In the fast path for “no 4-byte lead bytes”, after transcoding has finished, we have a mask that tells us where the last bytes of each UTF-8 sequence were. We take the mask of 3-byte lead bytes, shift it to the left by 2 (to instead indicate the final bytes of 3-byte sequences) and extract it with pext through the last byte mask, giving us a mask that for each UTF-8 sequence (corresponding to one UTF-16 word in the output) tells us if that word corresponds to a 3-byte sequence. We then use this mask to check if there were any invalid 3-byte sequences in the input (i.e. surrogates or overlong sequences).
In the main code path, we use a similar approach to find out which of the generated UTF-16 words are supposed to be surrogates so we can check for correct sequencing and apply some postprocessing.
Lastly, the same approach from (2) is also used in the main code path, once again to validate 3-byte sequences.

All of this would have been significantly harder without pdep and pext and it's really important to have them.

* invalid bytes c0, c1, and f8 to ff are sorted out in a later step.

Brooch answered 6/11, 2023 at 0:21 Comment(0)

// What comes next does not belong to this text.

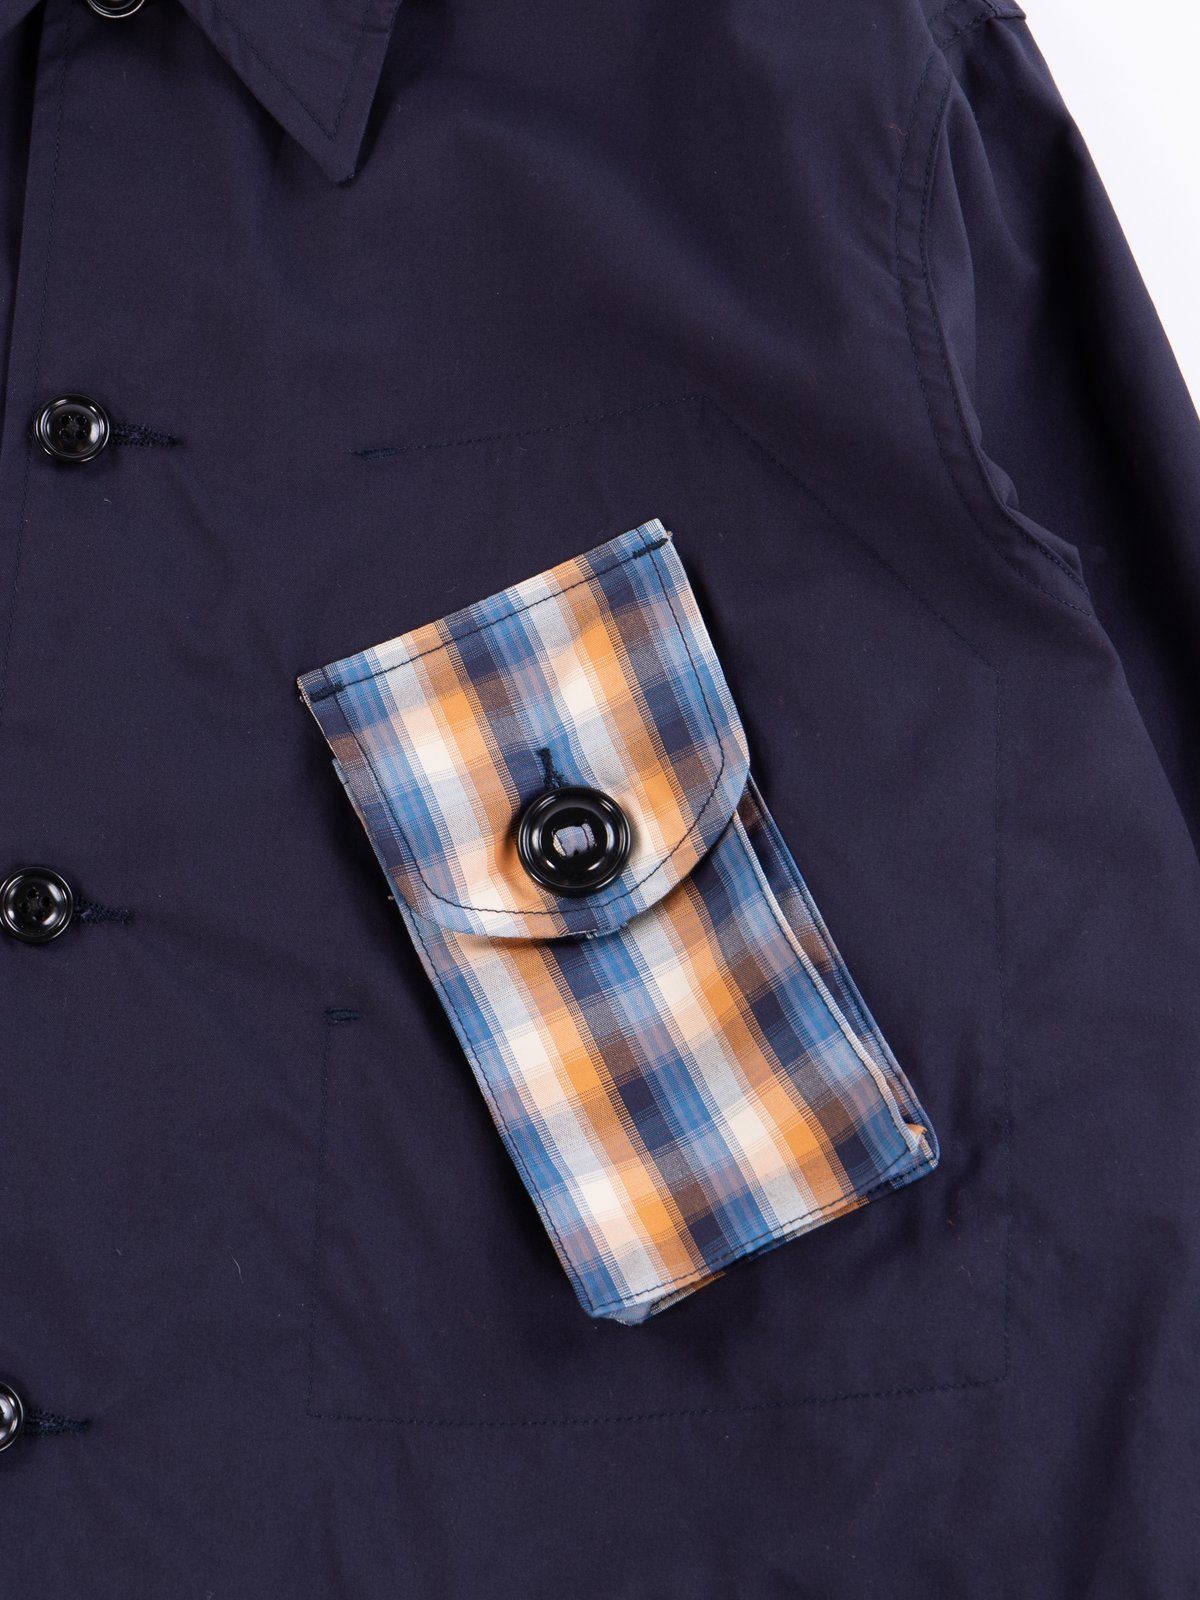 Navy Vancloth Oxford Military Half Coat Type B Exclusive - Image 4

The following isn't directly related to the usag of PDEP / PEXT since it's about the performance - but it affects if its usage makes sense. I've got a Zen2 Ryzen Threadripper 3990X CPU under Windows 11 and I tested the througput of PDEP and PEXT with the intrinsics of MSVC++ and Intel C++ under Windows and clang++ and g++ under Linux. Here's the code:

#include <iostream>
#include <vector>
#include <chrono>
#include <random>
#include <cstdint>
#include <atomic>
#if defined(_MSC_VER)
    #include <intrin.h>
#elif defined(__GNUC__) || defined(__llvm__)
    #include <immintrin.h>
#endif

using namespace std;
using namespace chrono;

atomic_uint64_t aSum( 0 );

int main()
{
    constexpr size_t
        N = 0x1000,
        ROUNDS = 10'000;
    vector<uint64_t> data( N, 0 );
    mt19937_64 mt;
    uniform_int_distribution<uint64_t> uid( 0, -1 );
    for( uint64_t &d : data )
        d = uid( mt );
    auto pdep = []( uint64_t data, uint64_t mask ) -> uint64_t { return _pdep_u64( data, mask ); };
    auto pext = []( uint64_t data, uint64_t mask ) -> uint64_t { return _pext_u64( data, mask ); };
    auto bench = [&]<typename Permute>( Permute permute ) -> double
    {
        uint64_t sum = 0;
        auto start = high_resolution_clock::now();
        constexpr uint64_t MASK = 0x5555555555555555u;
        for( size_t r = ROUNDS; r--; )
            for( uint64_t d : data )
                sum += permute( d, MASK );
        double ns = (double)(int64_t)duration_cast<nanoseconds>( high_resolution_clock::now() - start ).count() / ((double)N * ROUNDS);
        ::aSum = sum;
        return ns;
    };
    cout << bench( pdep ) << endl;
    cout << bench( pext ) << endl;
}

According to the data on agner.org PDEP / PEXT should have a latency and througput of slightly below 20 clock cycles on my Zen2 CPU. On Intel since Haswell CPUs the latency is only 3 clock cycles and the throughput is a whopping one clock cycle.
But according to my measurements each instruction takes about 35ns, i.e. about 150 clock cycles on my CPU. There's no measurement error and the disassembly I checked matches what you'd write in assembly. So I'm curious about the data of other CPUs. Maybe you'll report it here. It would be helpful to assess if the usage of PDEP or PEXT makes sense.

Althorn answered 14/5, 2022 at 14:49 Comment(10)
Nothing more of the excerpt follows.